(Saved entries)

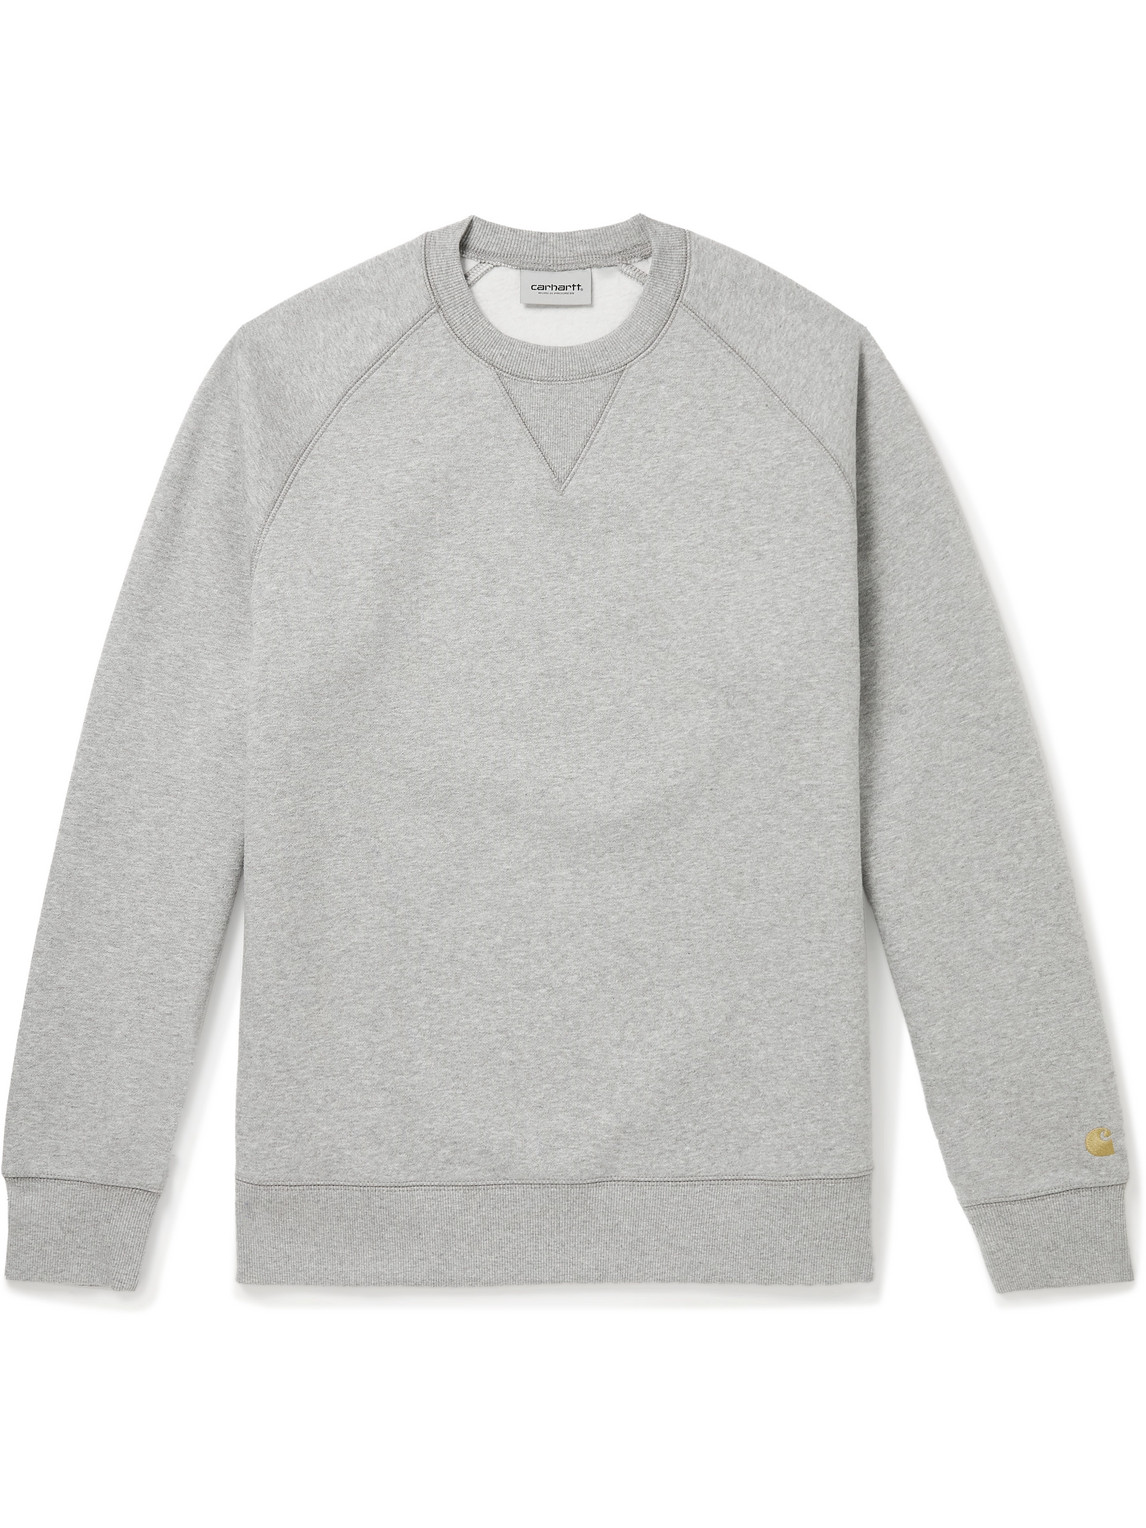 Carhartt WIP - Chase Logo-Embroidered Cotton-Blend Jersey Sweatshirt - Men - Gray - XXL von Carhartt WIP
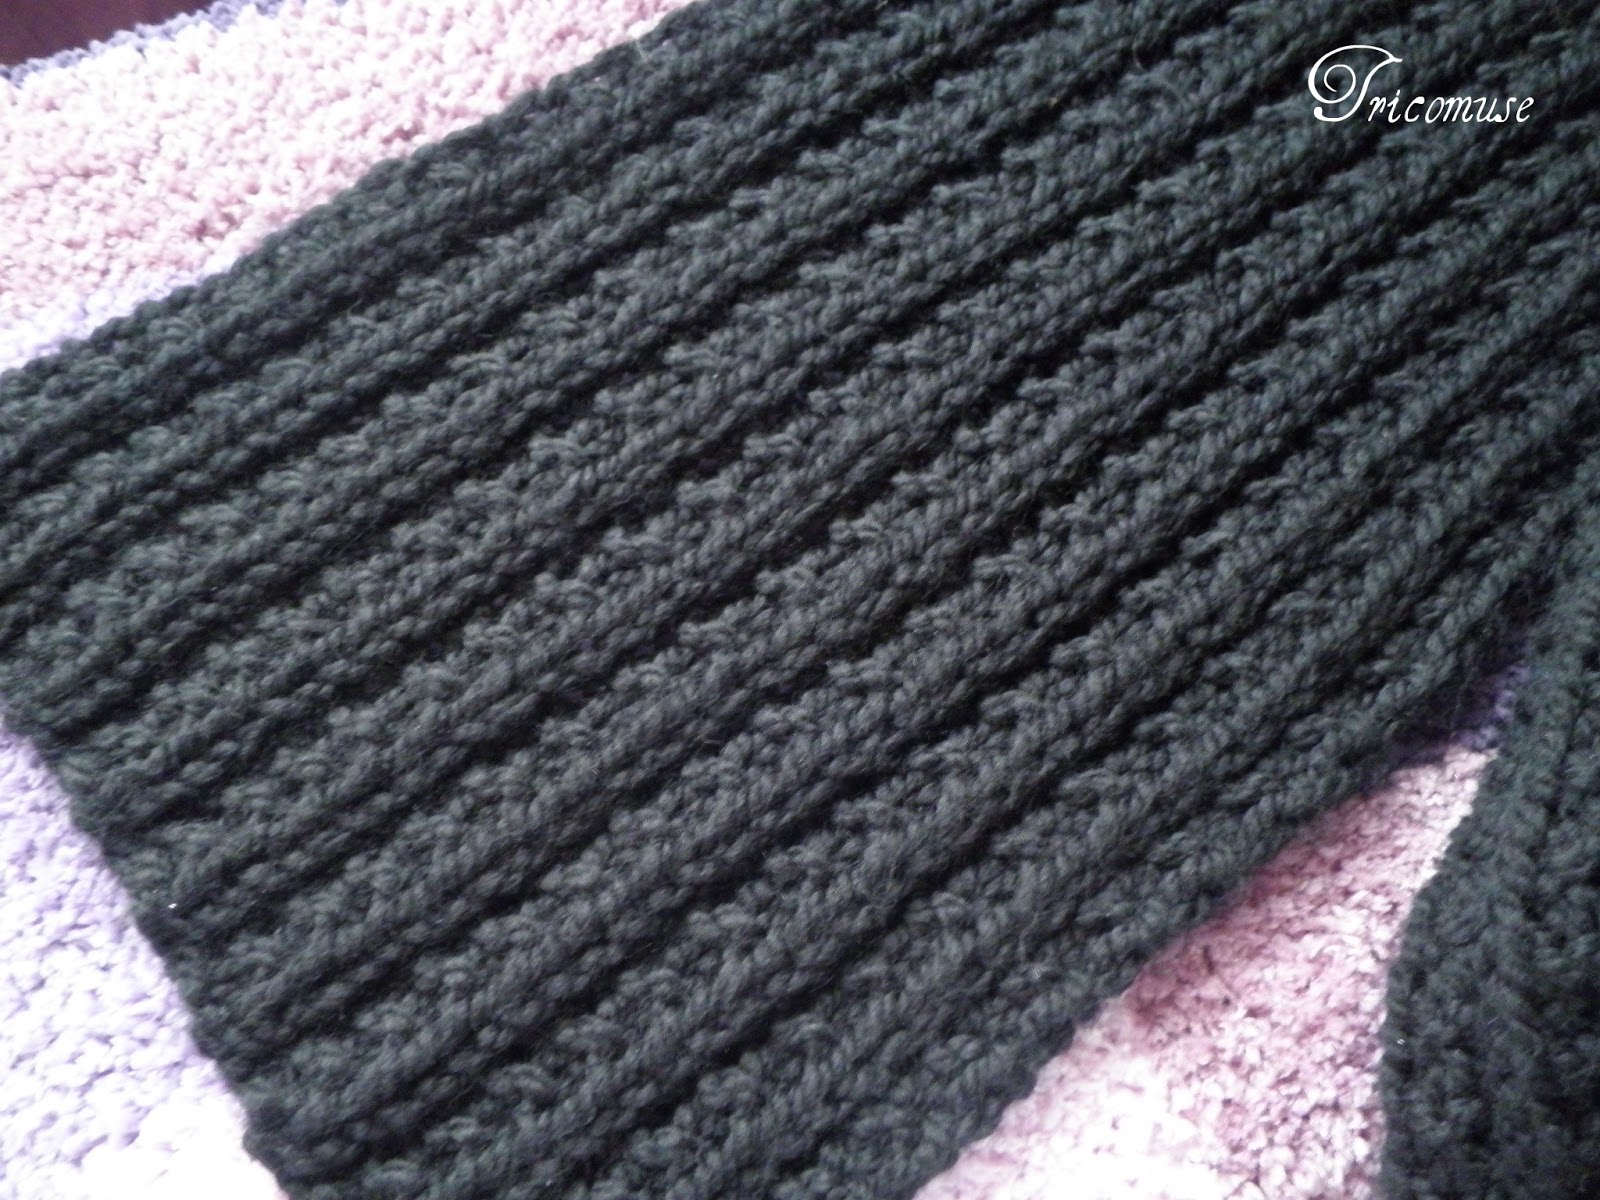 tricoter une echarpe aiguille 12
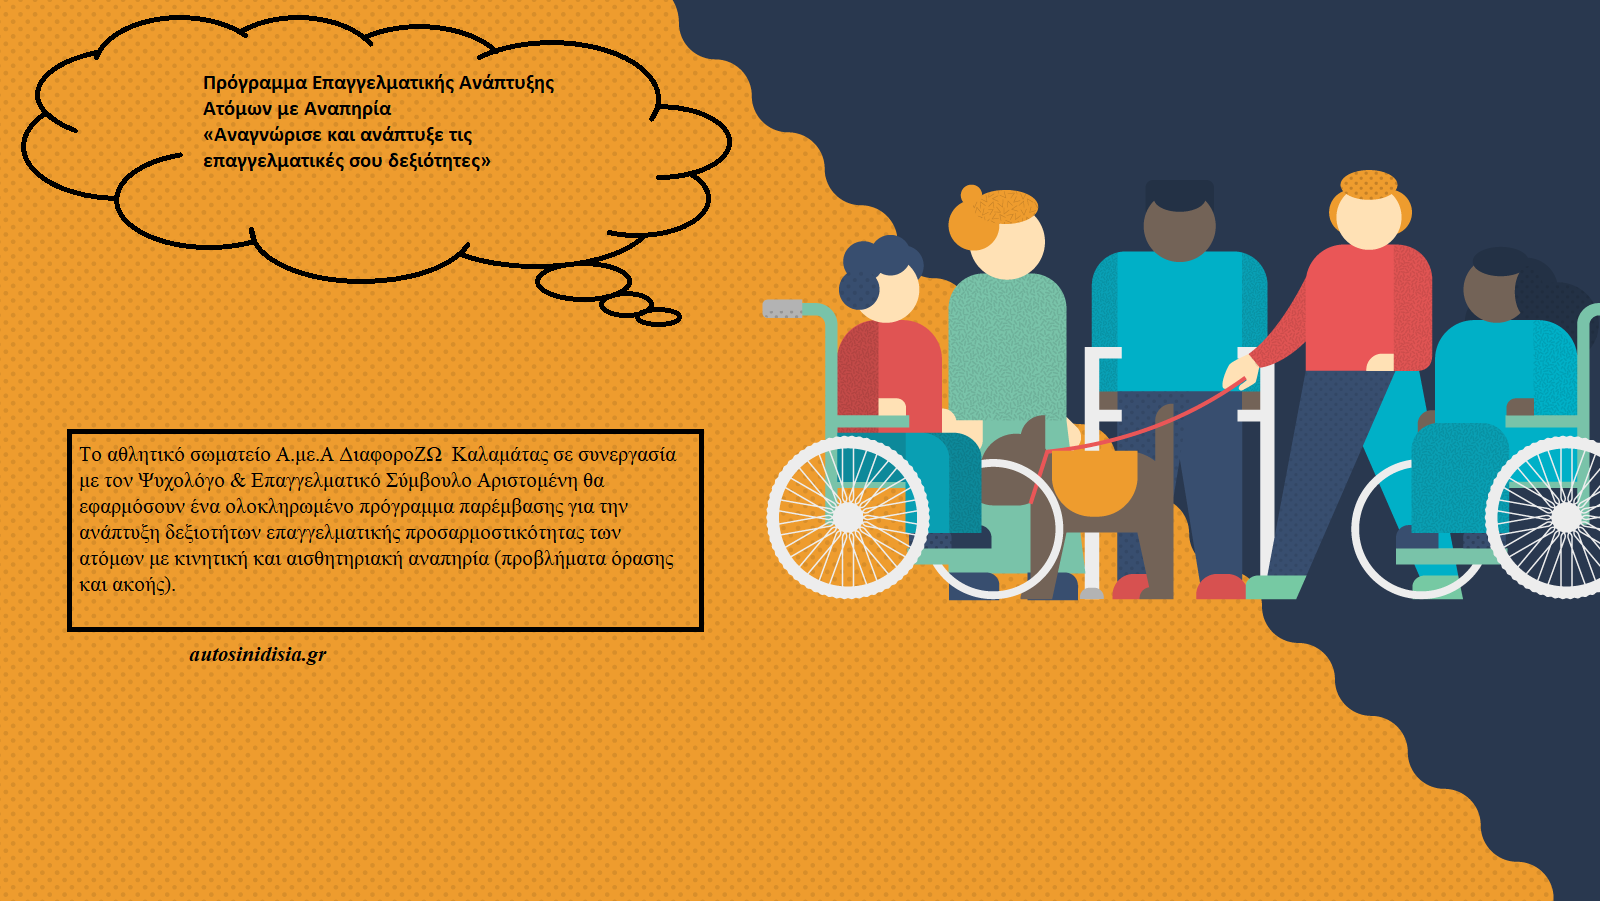 Πρόγραμμα Επαγγελματικής Ανάπτυξης Ατόμων με Αναπηρία «Αναγνώρισε και ανάπτυξε τις επαγγελματικές σου δεξιότητες»
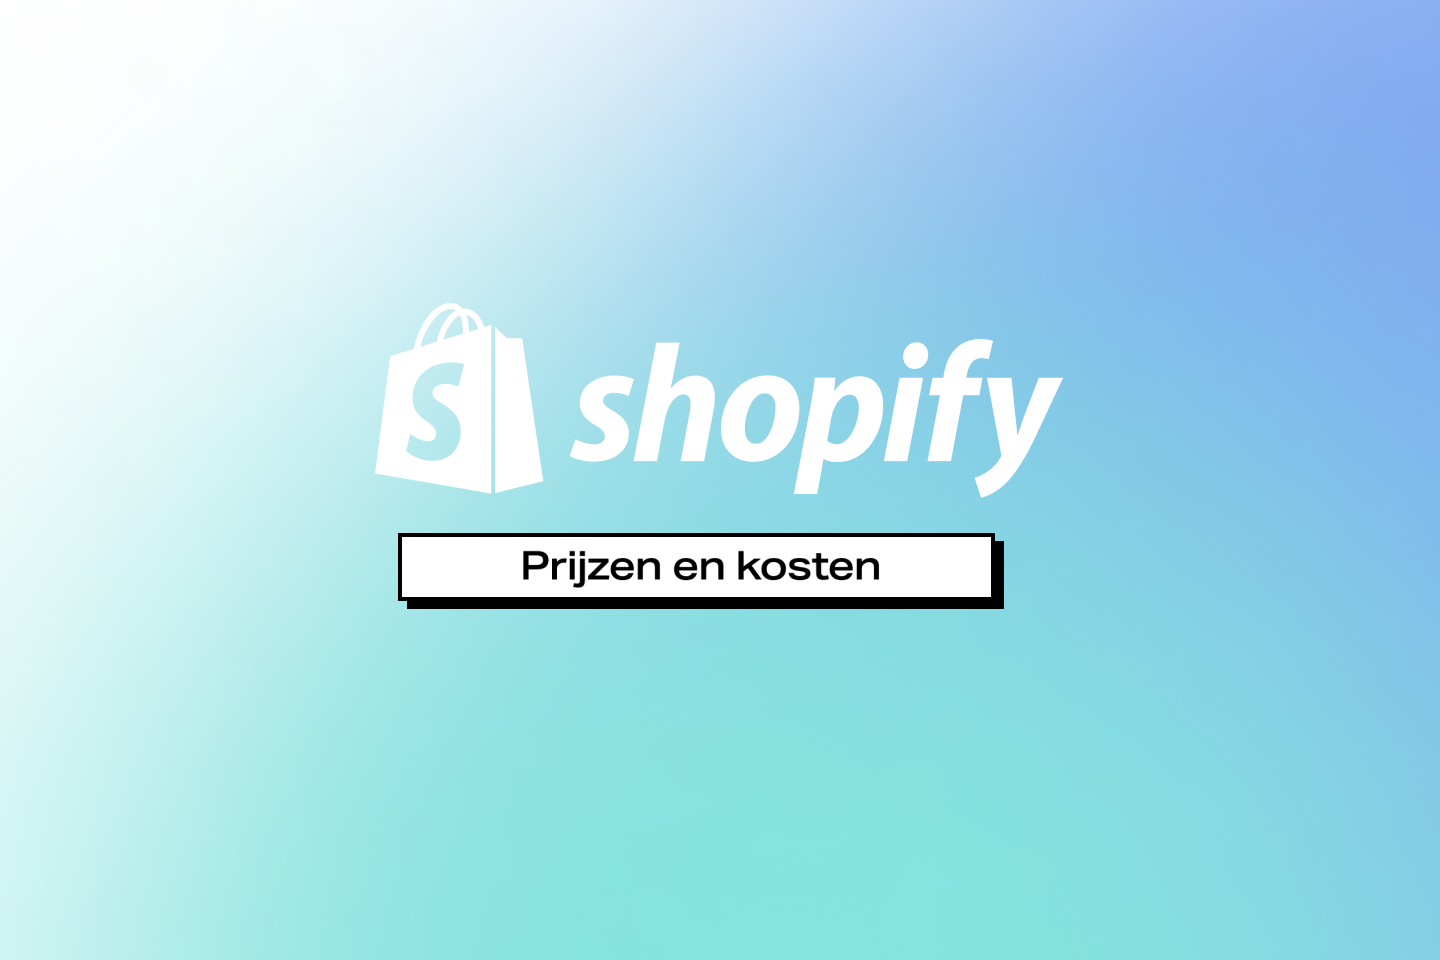 Shopify overzicht van prijzen, kosten en transaction fees
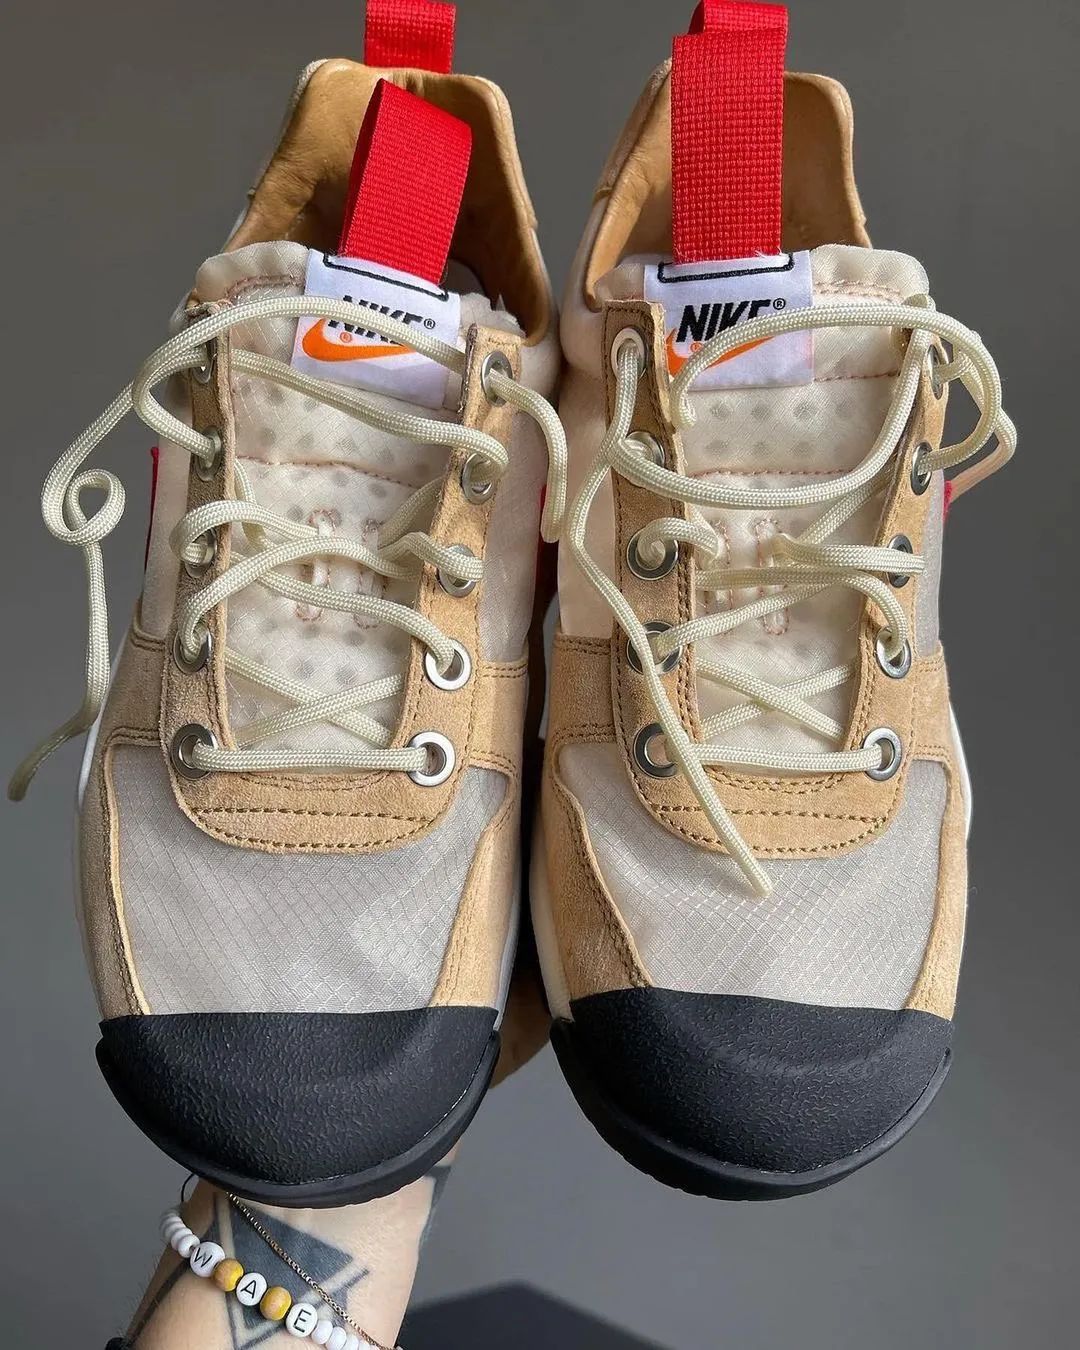 性骚扰、虐待员工！TS x Nike「火星鞋3.0」居然要恢复发售了？

> Work required
Retyped exactly, the lines from the one holding "Πρόγραμμα Επαγγελματικής Ανάπτυξης" through the last line of the data above are the whole answer. Pictures stay out.

> Answer
 Πρόγραμμα Επαγγελματικής Ανάπτυξης Ατόμων με Αναπηρία «Αναγνώρισε και ανάπτυξε τις επαγγελματικές σου δεξιότητες»
 Shopify overzicht van prijzen, kosten en transaction fees
 性骚扰、虐待员工！TS x Nike「火星鞋3.0」居然要恢复发售了？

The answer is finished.